BS SCEs map to G4 motifs on transcribed strands

As transcription can promote the formation of G4 structures¹⁸ and G4s were shown to occur mainly in euchromatic regions of the genome³³, we hypothesized that BS SCEs occur at G4 motifs in transcribed genes. We therefore divided all genes into four categories based on (1) whether genes are active or silent and (2) the presence or absence of intragenic G4 motifs, and performed a separate SCE enrichment analysis for each category. We detected the strongest BS SCE enrichments in transcribed genes containing at least one G4 motif, whereas non-transcribed genes lacking G4 motifs did not show any significant SCE enrichment patterns (Fig. 2c–f). This points to a synergistic effect of transcriptional activity and the presence of G4 motifs in genes on the enrichment of SCEs in BS cells.

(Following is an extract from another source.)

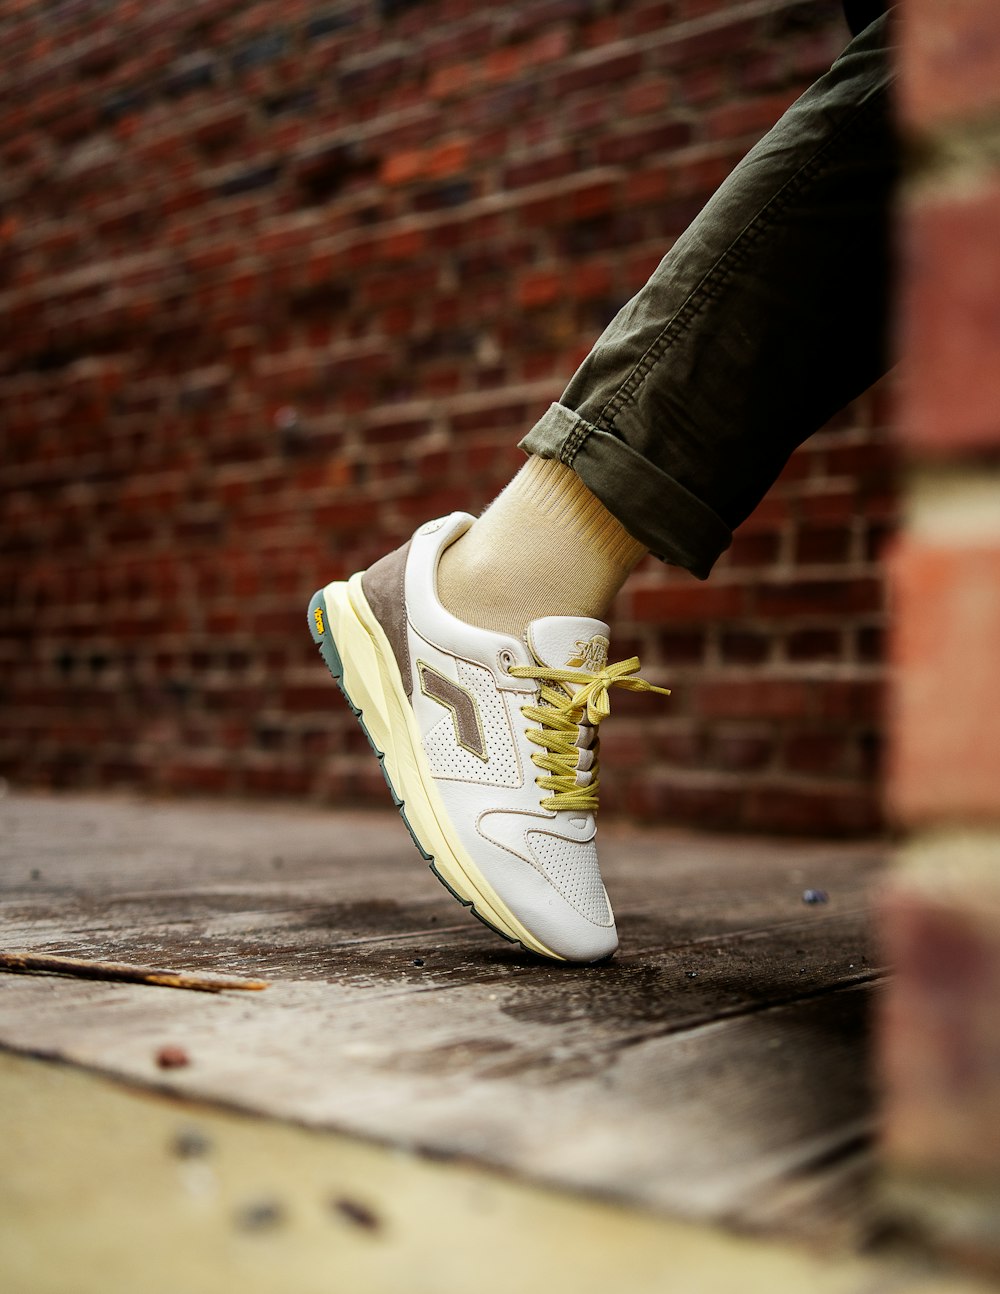 persona che indossa scarpe da ginnastica Nike bianche e gialle foto –  Scarpa da ginnastica Immagine gratuita su Unsplash

Intragenic G4 motifs can occur either on the transcribed or non-transcribed strand (Fig. 3a) and it is believed that this G4 motif ‘strandedness’ affects how G4 structures influence gene expression³⁵. To assess whether G4 strandedness affects SCE formation, we separated all intragenic G4 motifs into different categories based on strandedness and transcriptional status of the gene, and performed SCE enrichment analysis for these locations. Although we found no evidence of SCE enrichments at intergenic G4 motifs (Fig. 3b), SCE are enriched at intragenic G4 motifs on both transcribed and non-transcribed strands (Fig. 3c, d). Furthermore, BS-specific SCE enrichments were higher on transcribed than on non-transcribed strands, this effect is even strongest for G4 motifs on active transcribed genes (Fig. 3e, f). Strikingly, no SCE enrichments were detected for either transcribed or non-transcribed strand G4 motif in silent genes (Fig. 3g, h). These results confirm the synergistic effect of transcriptional activity and the presence of a G4 motif as a trigger for SCE formation in BS cells.

SCEs map to G4 motifs in both human and murine BLM^−/− cells

To confirm that the BS SCE enrichment patterns we detected in human cells are a direct result of BLM deficiency, we next generated Blm knockout cells in an F1 hybrid mouse embryonic stem (ES) cell line (129Sv-Cast/EiJ) by means of the Crispr/Cas9 technology. We used different combinations of two guide RNAs to generate loss-of-function mutants by deleting Blm exon 19, which is critical for Blm’s role in both Holliday junction resolution³⁶ and G4 unwinding³⁷. We selected three homozygous and one heterozygous clones with the desired deletions and characterized these deletions by Sanger sequencing (Supplementary Table 2), measured Blm mRNA expression levels by quantitative reverse-transcriptase PCR (qRT-PCR) (Supplementary Fig. 5a), and confirmed the elevated SCE rates by Strand-seq (Fig. 4a and Supplementary Fig. 5b, c). Interestingly, we detected intermediately high SCE rates in the Blm^+/− cells, even though previous studies reported that cells from heterozygous family members of BS patients display normal SCE levels^2,38. Similar to that for the human cells, SCEs in libraries made from the ES cells could be mapped at kilobase resolution (Supplementary Table 2).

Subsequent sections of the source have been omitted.